The 2Africa cable will go live in 2023 in the western part of the continent, with plans to launch in the eastern side in 2024. The network will create cross-border synergy, connecting Africa’s countries to each other and the rest of the world, according to SatelliteProMe. Once live, the network will generate much-needed capacity in Africa from Europe, the Middle East, and Asia.

“Strategic partnerships such as the one we have with the 2Africa consortium will help us accelerate and deepen internet adoption and socio-economic progress across the African continent,” said MTN Group President/CEO Ralph Mupita. “Data traffic across African markets is expected to grow between four and five-fold over the next five years, so we need infrastructure and capacity to meet that level of growth and demand.”

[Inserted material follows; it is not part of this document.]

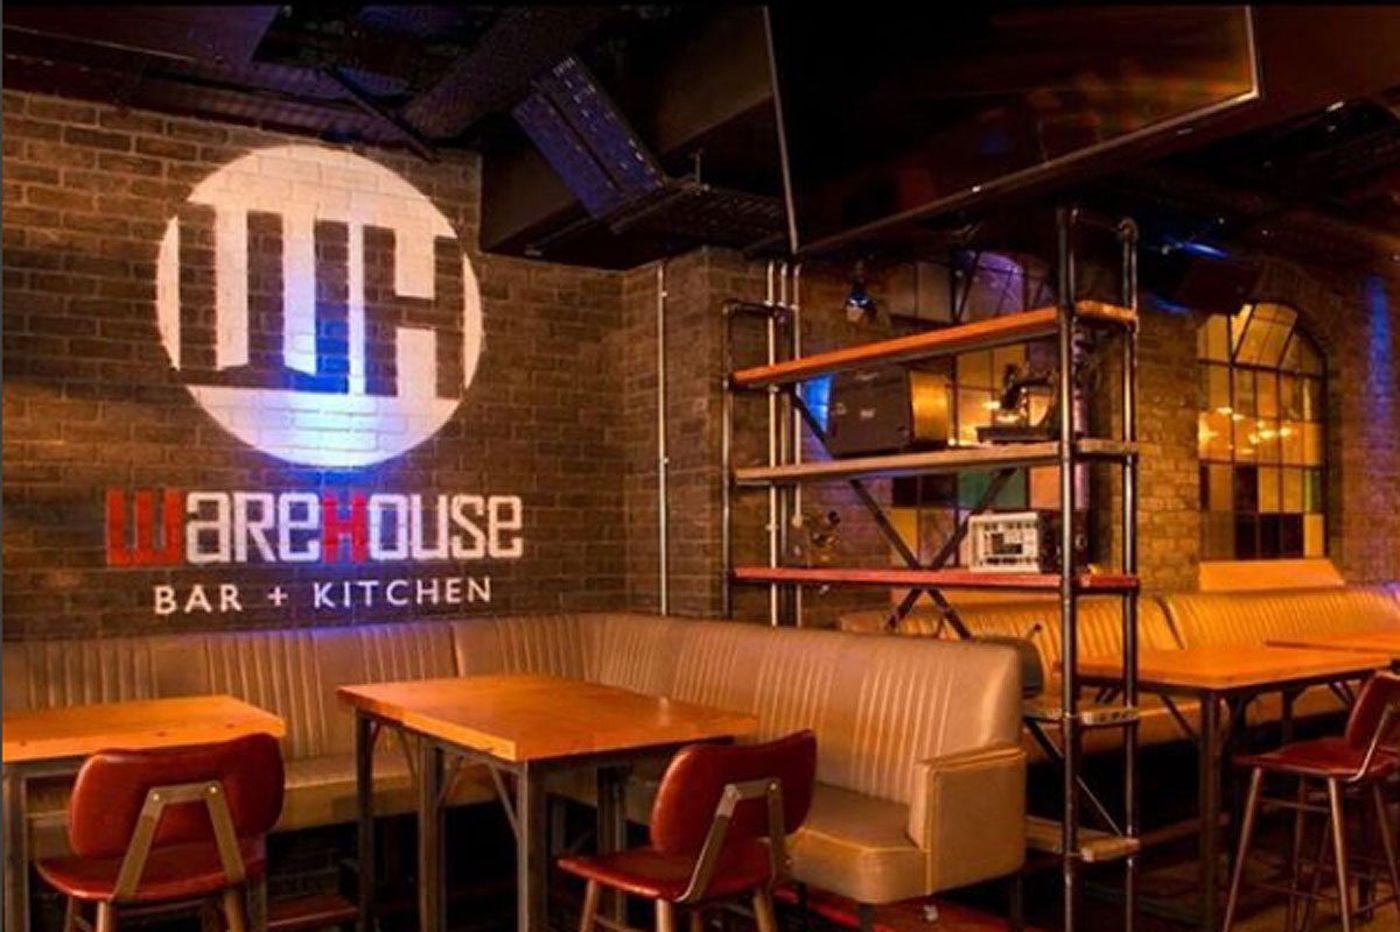 2 restaurants planned for Hale Building on Chestnut St.

Mupita added that MTN aims to become the number one African fiber player. The company has plans to build nearly 84,000 miles of proprietary fiber by 2025, generating up to $1 billion in revenue.

SatelliteProMe reported that with the launch of the 2Africa, South African service providers could acquire capacity in carrier-neutral data centers or open-access cable landing stations on a fair and equitable basis. MTN GlobalConnect CEO Frédéric Schepens said the project is “creating a pan-African fiber railroad driving affordable connectivity.”

The 2Africa consortium includes China Mobile International, Meta, MTN GlobalConnect, Orange, center3, Telecom Egypt, Vodafone, and WIOCC. The latest 2Africa landing was the first planned across 46 locations in 33 countries.